Genetic makeup also seems to play a role in susceptibility to addiction. Some people are more prone to dependence than others when exposed to nicotine; and once addicted, less able to quit. Many genes are likely to be involved. What is inherited is perhaps the extent the brain responds to nicotine, and the rate of nicotine clearance. For example, people who metabolize nicotine more slowly tend to smoke fewer cigarettes a day and can generally quit with less effort.
The development of tobacco addiction depends on the speed and the amount of nicotine absorbed by the brain. Cigarette smoking delivers nicotine to the brain within seconds of smoke inhalation, resulting in immediate rewarding effects. Because the effects only last several minutes, smokers tend to light up many times a day to avoid withdrawal symptoms. Cigar smokers who inhale absorb nicotine as quickly as cigarette smokers. Those who don’t inhale absorb more slowly, through the lining of the mouth, but the amount of nicotine can be greater depending on the cigar size. Chewing on smokeless tobacco products delivers nicotine more slowly than smoking, but the blood levels of nicotine can be much the same.
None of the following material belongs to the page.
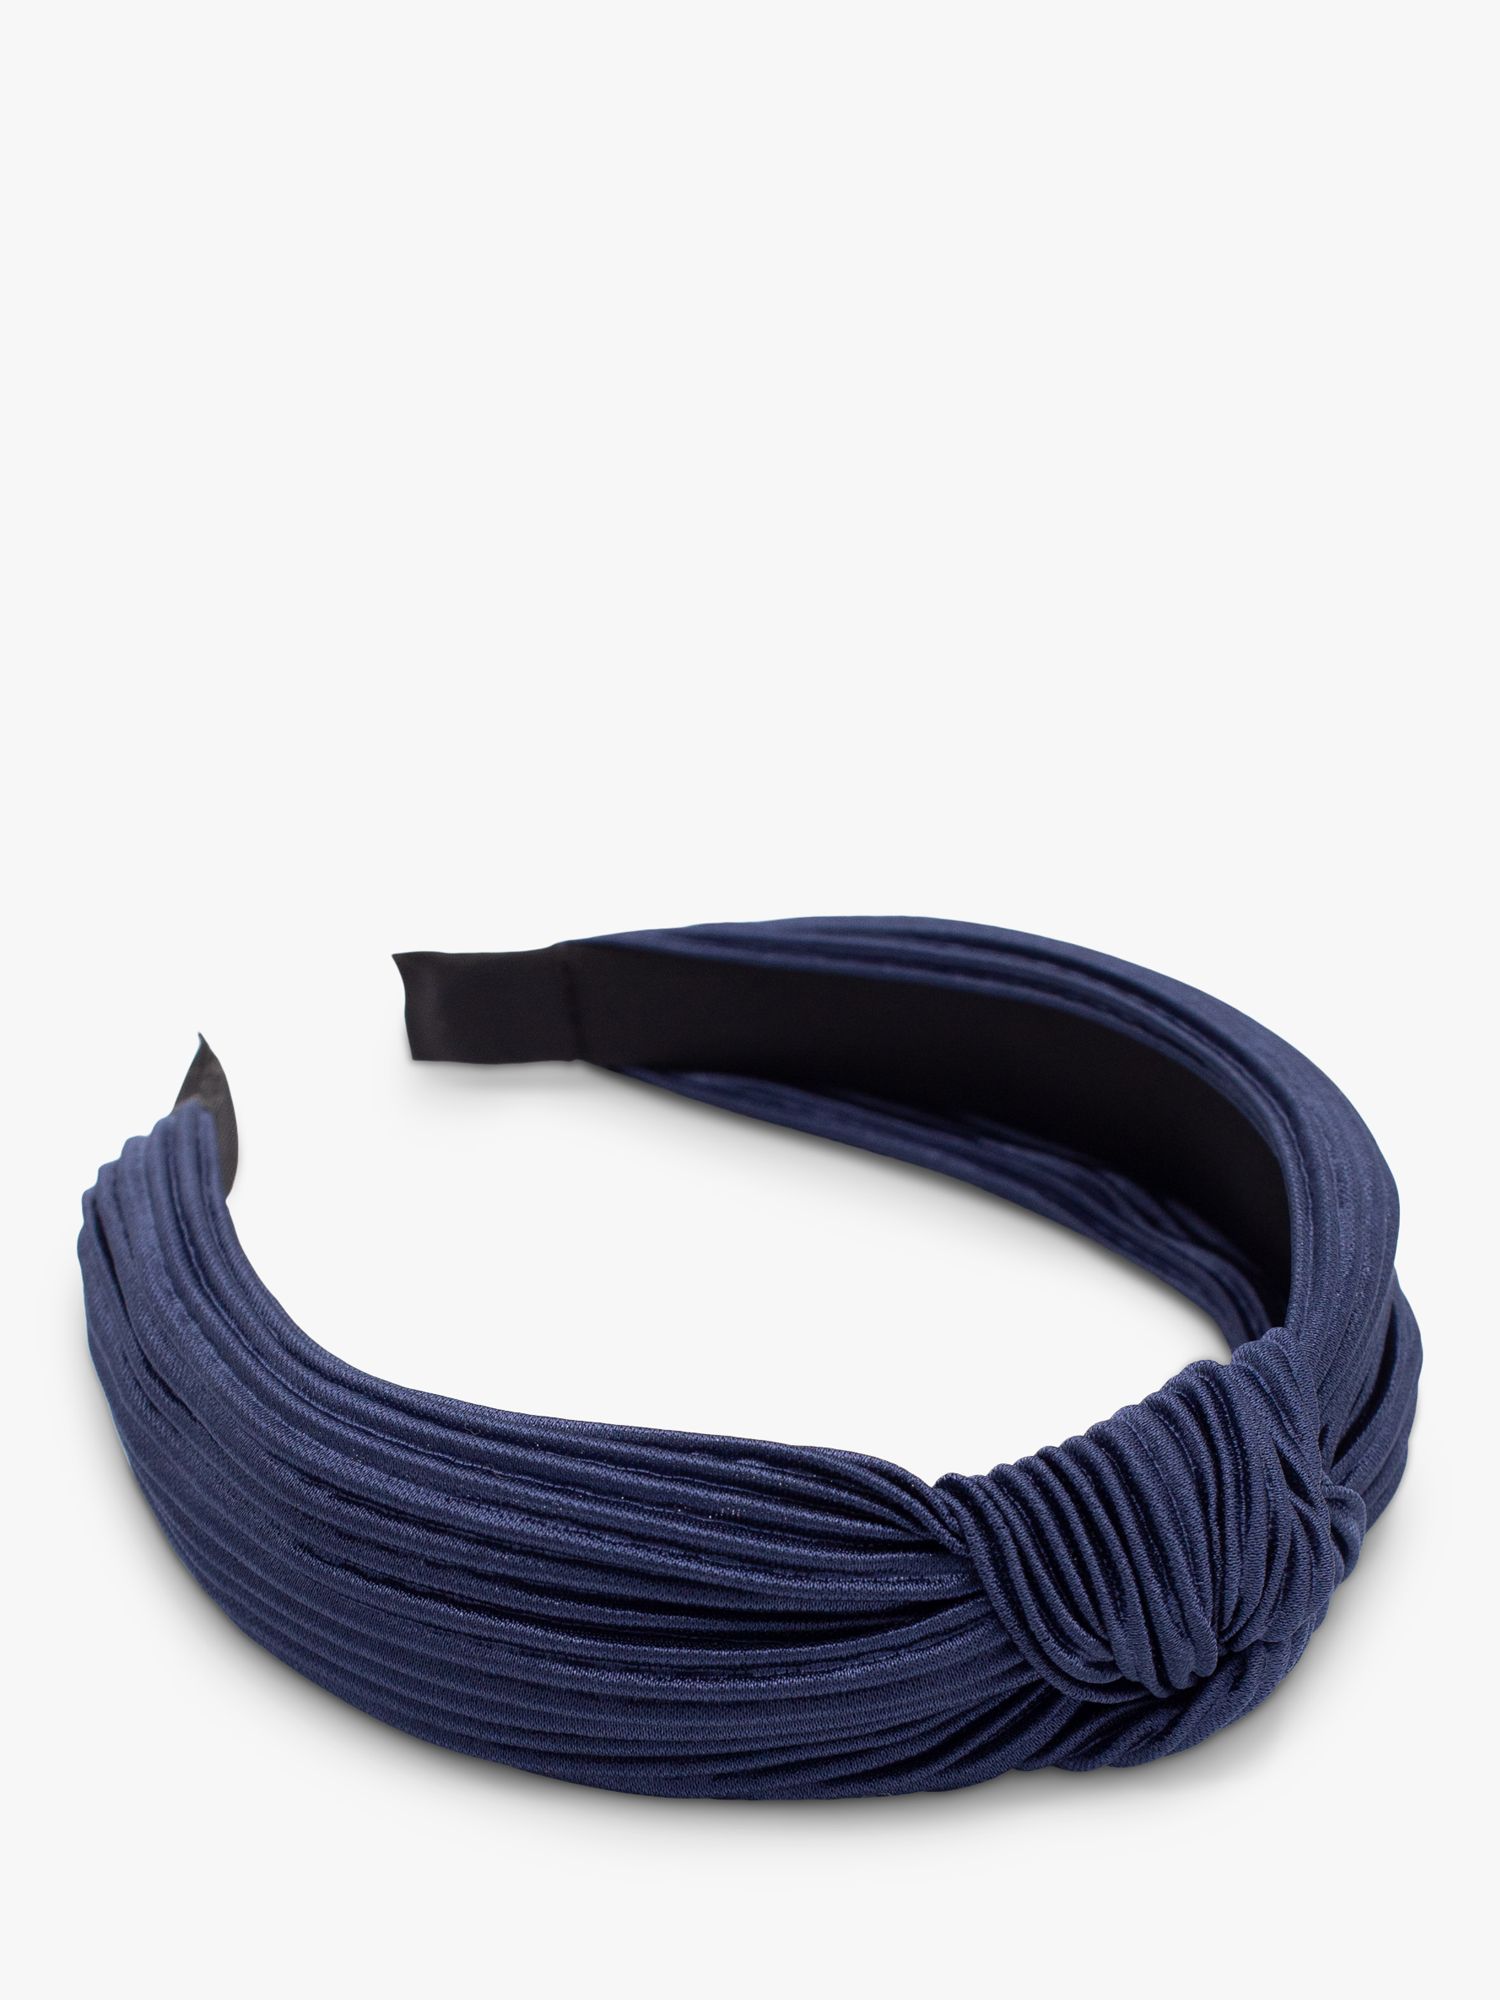 Bloom & Bay Lantic Knot Detail Pleated Headband, Navy, One Size

In addition to the physiological basis, there are behavioral factors that reinforce addiction. The ritual of lighting up a cigarette, taking a puff after a meal, or socializing events with other smokers… are all associated with the rewarding effect of smoking and can make it hard to break the smoking habit. Behavioral factors may be as important to tobacco addiction as the action of nicotine itself.
Tobacco use is a leading cause of premature death. Smoking is associated with lung diseases and cancers. Consuming tobacco products, with or without smoking, also increases risks for cardiovascular diseases such as heart attacks and strokes. Smoking during pregnancy may deprive the fetus of oxygen and cause fetal growth retardation. Nicotine can cross the placenta to fetal circulation and cause withdrawal symptoms in infants. Smoking during pregnancy is also associated with increased infant deaths, as well as learning and behavioral problems in children.
Treatment for tobacco addiction usually consists of behavioral therapies combined with nicotine replacement such as nicotine patch and gums. The use of medicinal nicotine with low addiction potential helps alleviate withdrawal symptoms, while also reducing toxicity associated with other harmful substances in tobacco products and cigarette smoke.